We now set forth the legal principles that guide our resolution of this appeal. “As a general rule, an unconditional plea of guilty or nolo contendere, intelligently and voluntarily made, operates as a waiver of all nonjurisdictional defects and bars the later assertion of constitutional challenges to pretrial proceedings.5 Tollett v. Henderson, 411 U.S. 258, 267, 93 S. Ct. 1602, 36 L. Ed. 2d 235 (1973); Parker v. North Carolina, 397 U.S. 790, 90 S. Ct. 1458, 25 L. Ed. 2d 785 (1970); McMann v. Richardson, 397 U.S. 759, 90 S. Ct. 1441, 25 L. Ed. 2d 763 (1970); Brady v. United States, 397 U.S. 742, 757, 90 S. Ct. 1463, 25 L. Ed. 2d 747 (1970); State v. Martin, 197 Conn. 17, 25, 495 A.2d 1028 (1985); Consiglio v. Warden, 160 Conn. 151, 166, 276 A.2d 773 (1970). Therefore, only those issues fully disclosed in the record which relate either to the exercise of jurisdiction by the court or to the voluntary and intelligent nature of the plea are ordinarily appealable after a plea of guilty or nolo contendere. Boykin v. Alabama, 393 U.S. 238, 243, 89 S. Ct. 1709, 23 L. Ed. 2d 274 (1969); State v. Godek, 182 Conn. 353, 357, 438 A.2d 114 (1980), cert. denied, 450 U.S. 1031, 101 S. Ct. 1741, 68 L. Ed. 2d 226 (1981); see also Practice Book § 712 [now § 39-20].”6
(Emphasis omitted; footnotes altered.) State v. Madera, 198 Conn. 92, 97–98, 503 A.2d 136 (1985). In addition, “[i]t is not necessary for the trial court to canvass the defendant to determine that [he] understands that [his] plea of guilty or nolo contendere operates as a waiver of any challenge to pretrial proceedings.” (Internal quotation marks omitted.) State v. Johnson, 253 Conn. 1, 42, 751 A.2d 298 (2000).

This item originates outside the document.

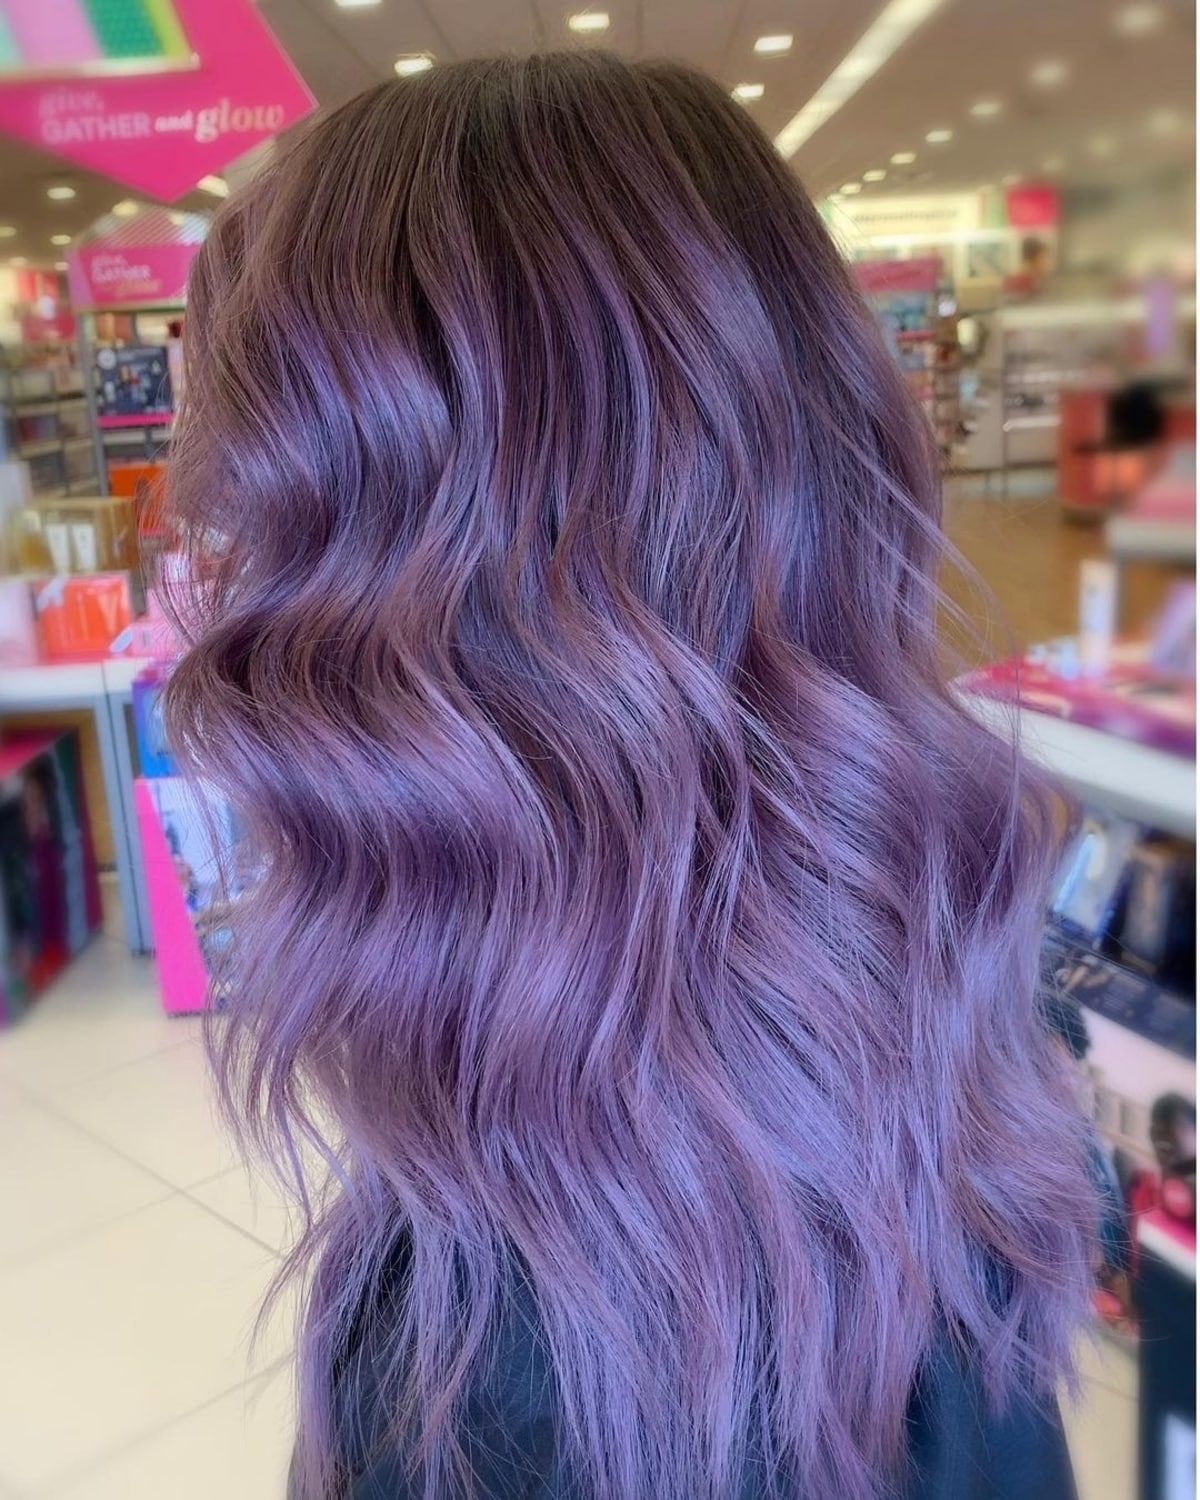 Mermaid hair-inspired lavender waves

“In general, the only allowable challenges after [an unconditional] plea are those relating either to the voluntary and intelligent nature of the plea or the exercise of the trial court‘s jurisdiction.” (Internal quotation marks omitted.) State v. Hanson, 117 Conn. App. 436, 456, 979 A.2d 576 (2009), cert. denied, 295 Conn. 907, 989 A.2d 604, cert. denied, 562 U.S. 986, 131 S. Ct. 425, 178 L. Ed. 2d 331 (2010). Claims regarding a motion to suppress or a conditional plea are not jurisdictional in nature. See State v. Madera, supra, 198 Conn. 98 n.6 (jurisdictional defects are “those which would prevent a trial from occurring in the first place” such as challenges related to double jeopardy, court‘s subject matter jurisdiction, or constitutionality of criminal statute). In this case, the defendant‘s claims are both nonjurisdictional and unrelated to the validity of his guilty plea. Thus, the defendant waived his right to raise these claims on appeal when he knowingly and voluntarily entered his guilty plea. We therefore decline to review the merits of the defendant‘s claims.7
The judgment is affirmed.
In this opinion the other judges concurred.